The odd pairing of Chris Brown and Wiz Khalifa step in for “I Know,” but things don’t bode well for the track when Diddy kicks it off by saying, “I know I f*cked it up.” This is another lost love track, but Diddy thankfully raps for this one, and while the rhythm isn’t overly impressive, at least he drops some semblance of wisdom. Wiz Khalifa shows some versatility and skill, but doesn’t get to contribute enough, as there is too much going on with Chris Brown and the Dirty Money singers.
“Loving You No More” is a decent track, as Diddy’s singing actually works for once, and he and the Dirty Money girls connect well for a rare hit on this album. The bonus: Drake drops in for a memorable verse, indicating what all of the guest-laden tracks on Last Train To Paris should have sounded like.
The next track, “Hello Good Morning” features T.I. and has a funky, propulsive beat. T.I.’s is uptempo and full of swagger, which is standard for his rap.
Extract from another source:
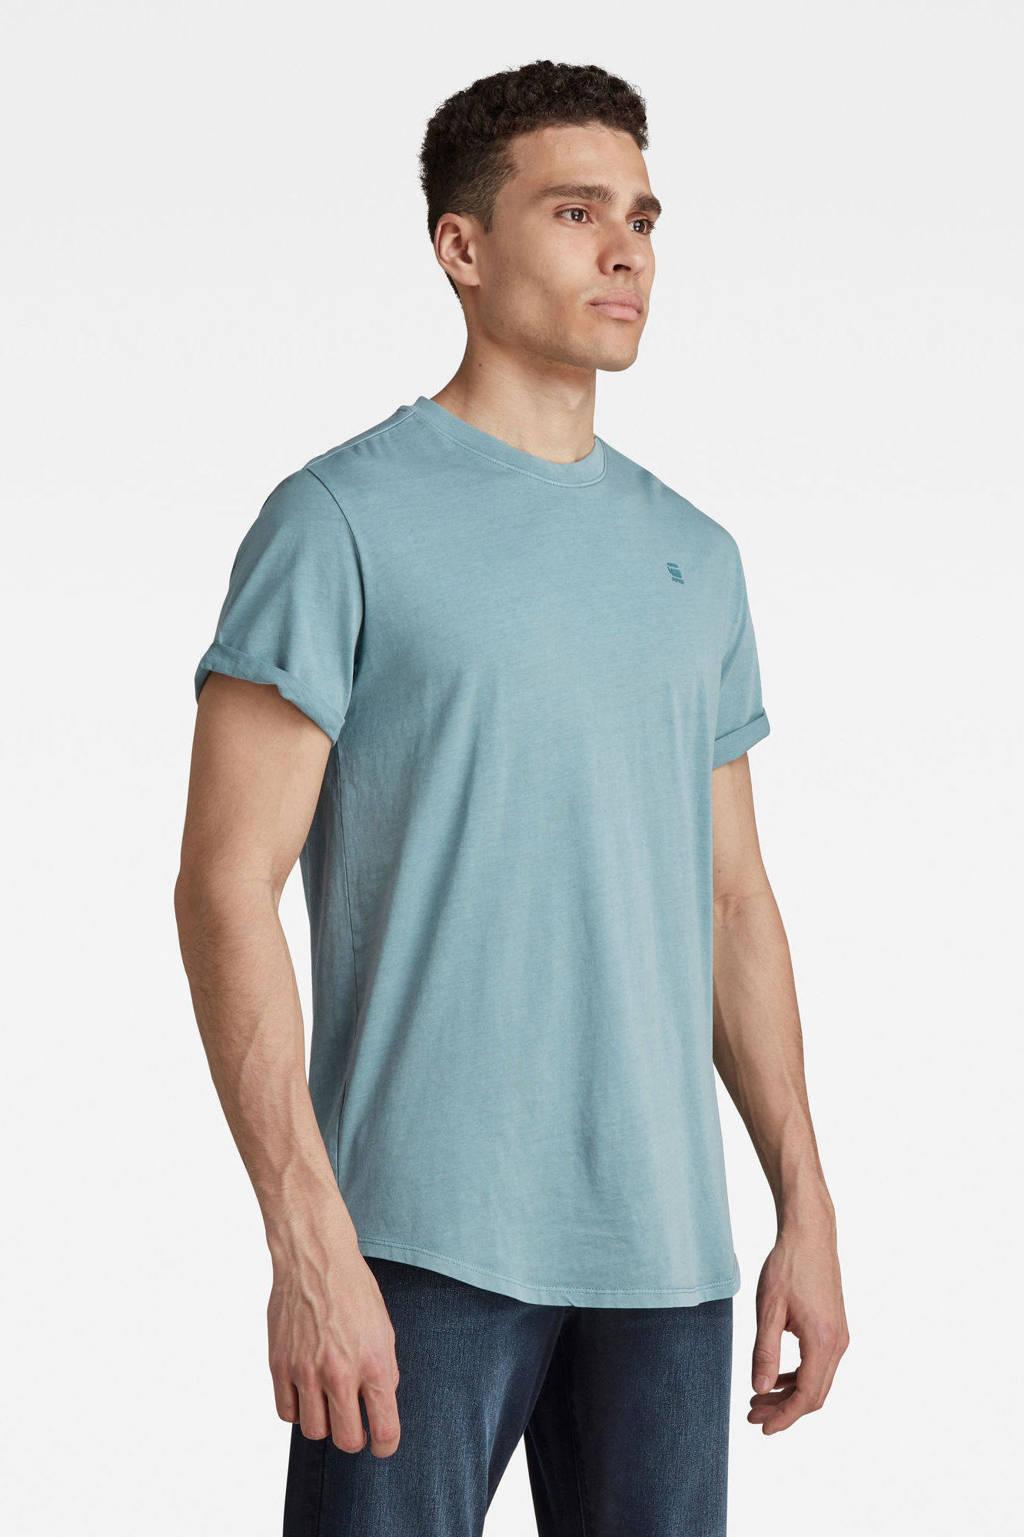 G-Star RAW T-shirt van biologisch katoen light bright nickel, Light bright nickel

T.I. provides the highlight of this track, and Diddy Dirty Money scores two solid songs in a row.
The following track, “Last Night Part 2,” is a definite combo breaker, as the hard-hitting percussion doesn’t mesh with the downtempo, subdued rap-singing. Lyrically, the track is nothing stellar, but it’s not bad either.
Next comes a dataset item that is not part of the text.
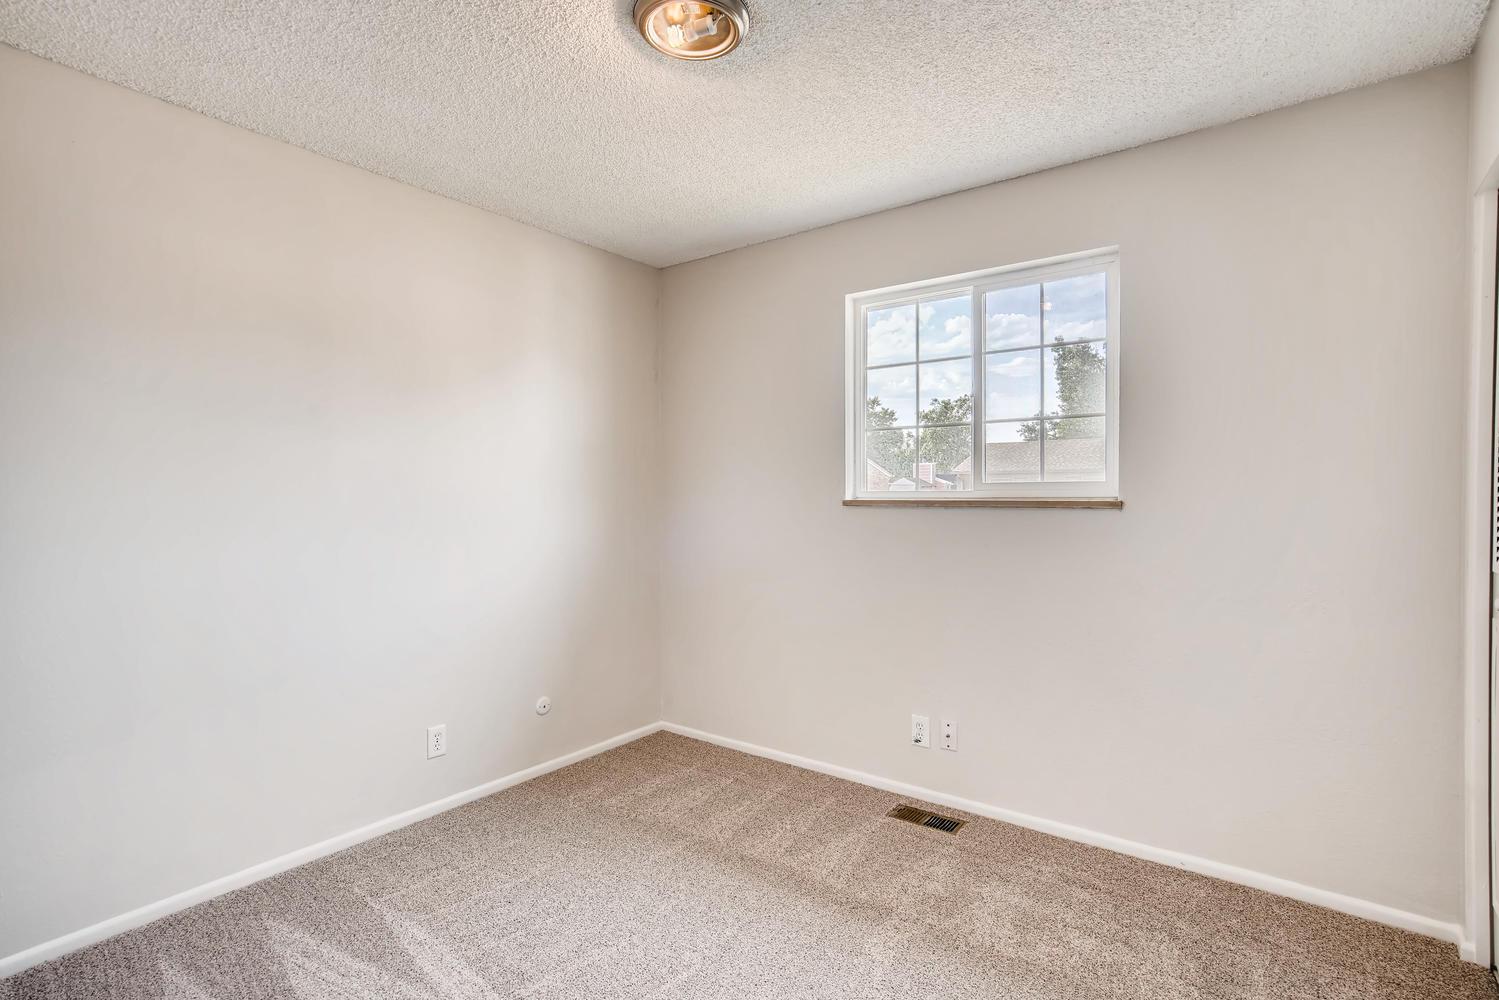 REAL ESTATE LISTING: 13040 Pensacola Place Denver Bedroom #3

Chris Brown returns for “Yesterday,” and his singing sounds a lot smoother given the stilted, unenthusiastic rapping of Diddy. Brown’s lines are well-written and emotional, and he delivers them well, which makes me wish this had been a Chris Brown solo track.
The penultimate track, “Change,” does not have any guests, and Diddy sings with a lot of confidence, and manages to do pretty well for himself. However, it’s hard to take all five minutes of this repetitive track, in which he laments being left on the train, which is something I can relate to, having listened to Last Train To Paris for this long.
“Coming Home” is a musical victory lap, with bright horns and an uptempo beat that marches confidently forward. Skylar Grey provides some solid singing on the choruses, and this is a great way to (sort of) redeem the album.
It’s a good thing that Diddy doesn’t really need to make any money from records at this point, because if he were an unknown artist, this isn’t the type of material that would secure a deal. Diddy Dirty Money – Last Train To Paris did not provide a musical rebellion, but rather a reminder that Diddy should stick to what he does well. Diddy was right when he said this album was vulnerable, but the vulnerable moments all too often sound like sulking, and the guest spots make this train way too crowded, especially when several (Brown, Drake, and T.I.) outshine the main star.